Significant options activity was reported in Occidental Petroleum (OXY) and FuboTV (FUBO) today: OXY saw 56,017 contracts (~5.6 million underlying shares), about 61.7% of its 1‑month average daily volume (9.1M shares), led by 7,691 contracts in the $41 call expiring Jan 2, 2026 (~769,100 shares). FUBO registered 61,471 contracts (~6.1 million underlying shares), ~60.8% of its 1‑month ADTV (10.1M shares), with heavy flow in the $4.50 call expiring Feb 20, 2026 (26,884 contracts, ~2.7M shares). These flows represent unusually large option positioning relative to ADV and could signal concentrated speculative bets or hedging activity that may influence short‑term price and volatility dynamics.

Analysis

Market structure: Concentrated long-dated call flow in OXY (7,691 Jan-2026 $41 calls) and FUBO (26,884 Feb-2026 $4.50 calls) implies directional bullish bets that will force market‑maker delta-hedging purchases into the underlying over coming weeks, effectively creating temporary buy pressure equal to a meaningful fraction of ADV (OXY ~61.7%, FUBO ~60.8%). For OXY this amplifies oil beta — a sustained WTI move >5% in 3–7 days would materially change flow; for FUBO it signals retail/speculative positioning that can drive 10–30% short-term moves on sentiment. Risk assessment: Tail risks include a rapid unwind if sellers of those calls are short gamma (sudden volatility spike) or if macro shocks (oil crash, ad revenue miss) occur; a 20%+ downside swing within days is plausible for FUBO and 10–20% for OXY in extreme scenarios.
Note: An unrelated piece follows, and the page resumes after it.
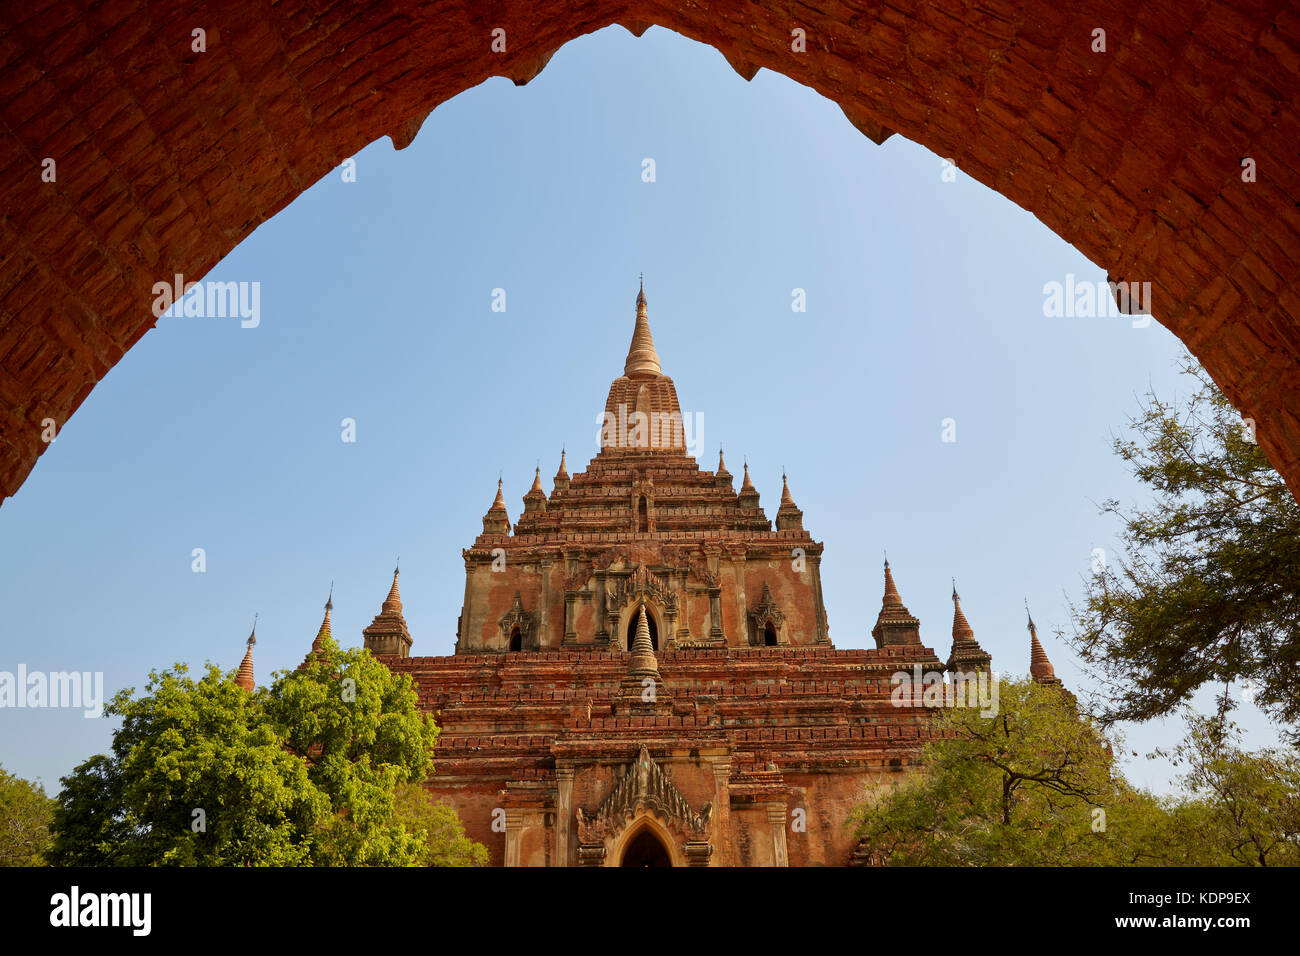 Sulamani Temple, Bagan (Pagan), Myanmar (Burma), Southeast Asia Stock Photo
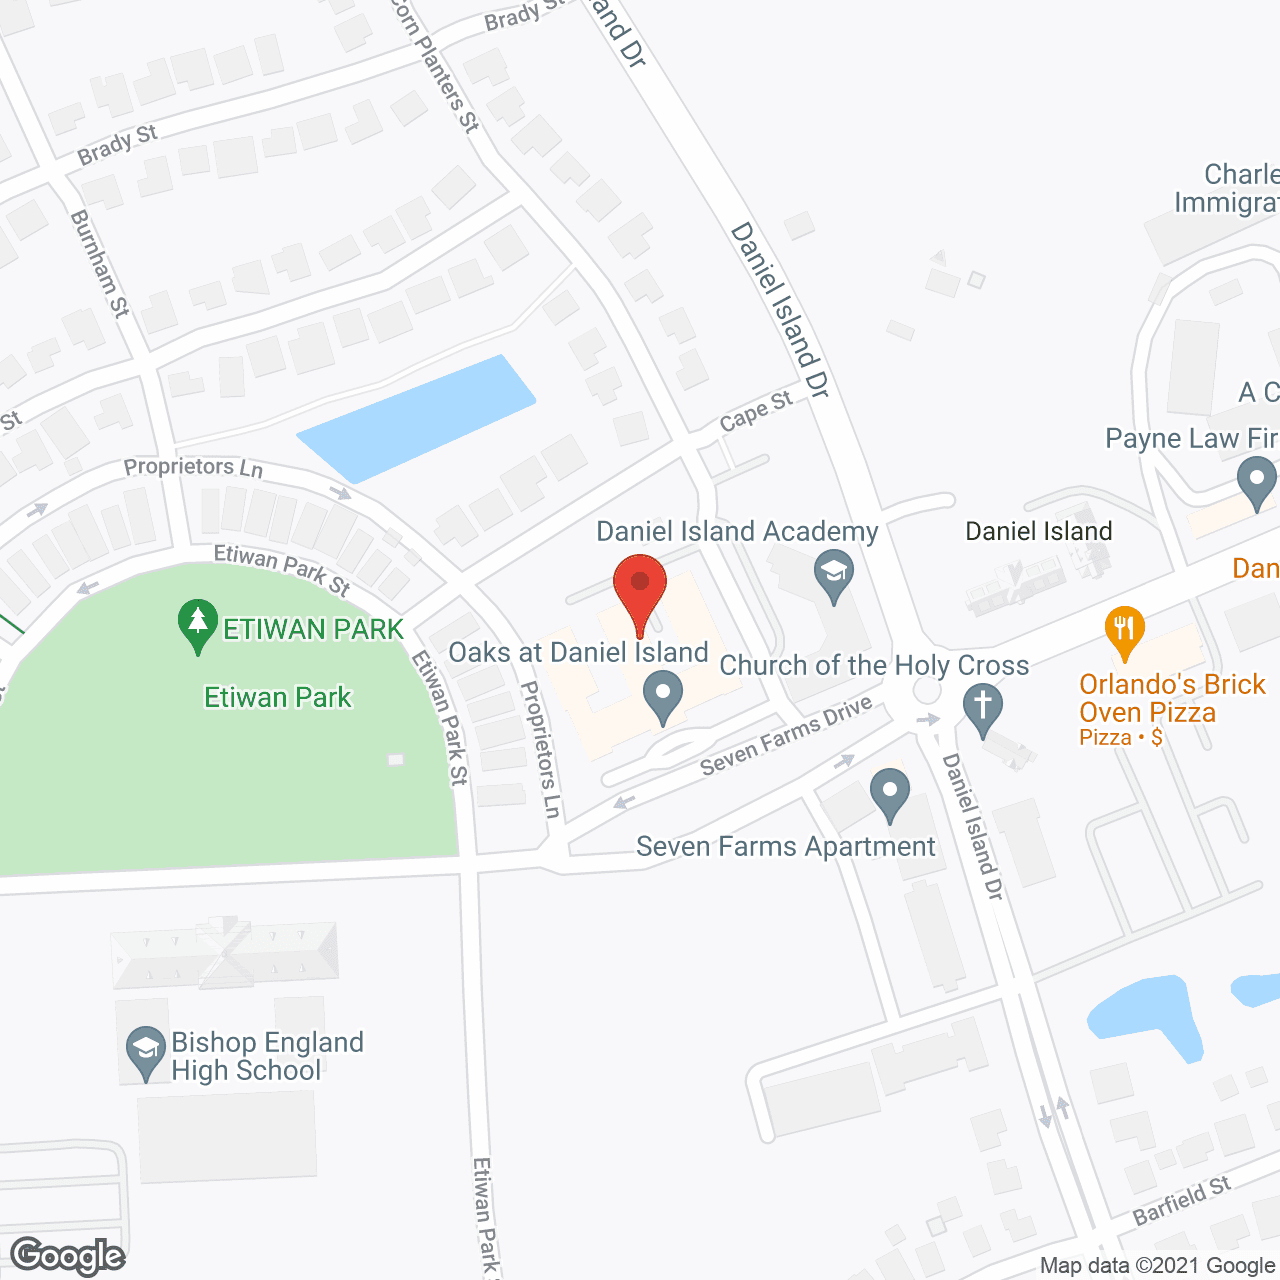 Oaks at Daniel Island in google map

Time windows: immediate (days) = gamma-induced flows; short-term (weeks–months) = earnings/subscriber or oil fundamentals will determine realized moves; long-term (quarters) = fundamentals reassert and options-driven dislocations should mean-revert. Trade implications: Favor defined‑risk bullish exposure to OXY via calendar or vertical call spreads (Jan‑2026 expiries) to capture upside from delta-hedging while capping premium; for FUBO prefer small, asymmetric long-call spreads or buy-writes given likely high IV and retail momentum. Consider relative trades: long OXY vs short larger-cap diversified energy (e.g., XOM) to capture rerating; avoid naked short vol in either name. Contrarian angles: Consensus assumes flow = sustainable fundamental shift; this may be overdone — heavy long-dated call buying can be a levered speculative punt that reverses once implied vol re-prices or if positions are unwound. Historical parallels: 2019–2021 concentrated call buying in single names produced short-term squeezes then mean reversion; plan exits at specific price/IV thresholds to avoid being caught by gamma flips.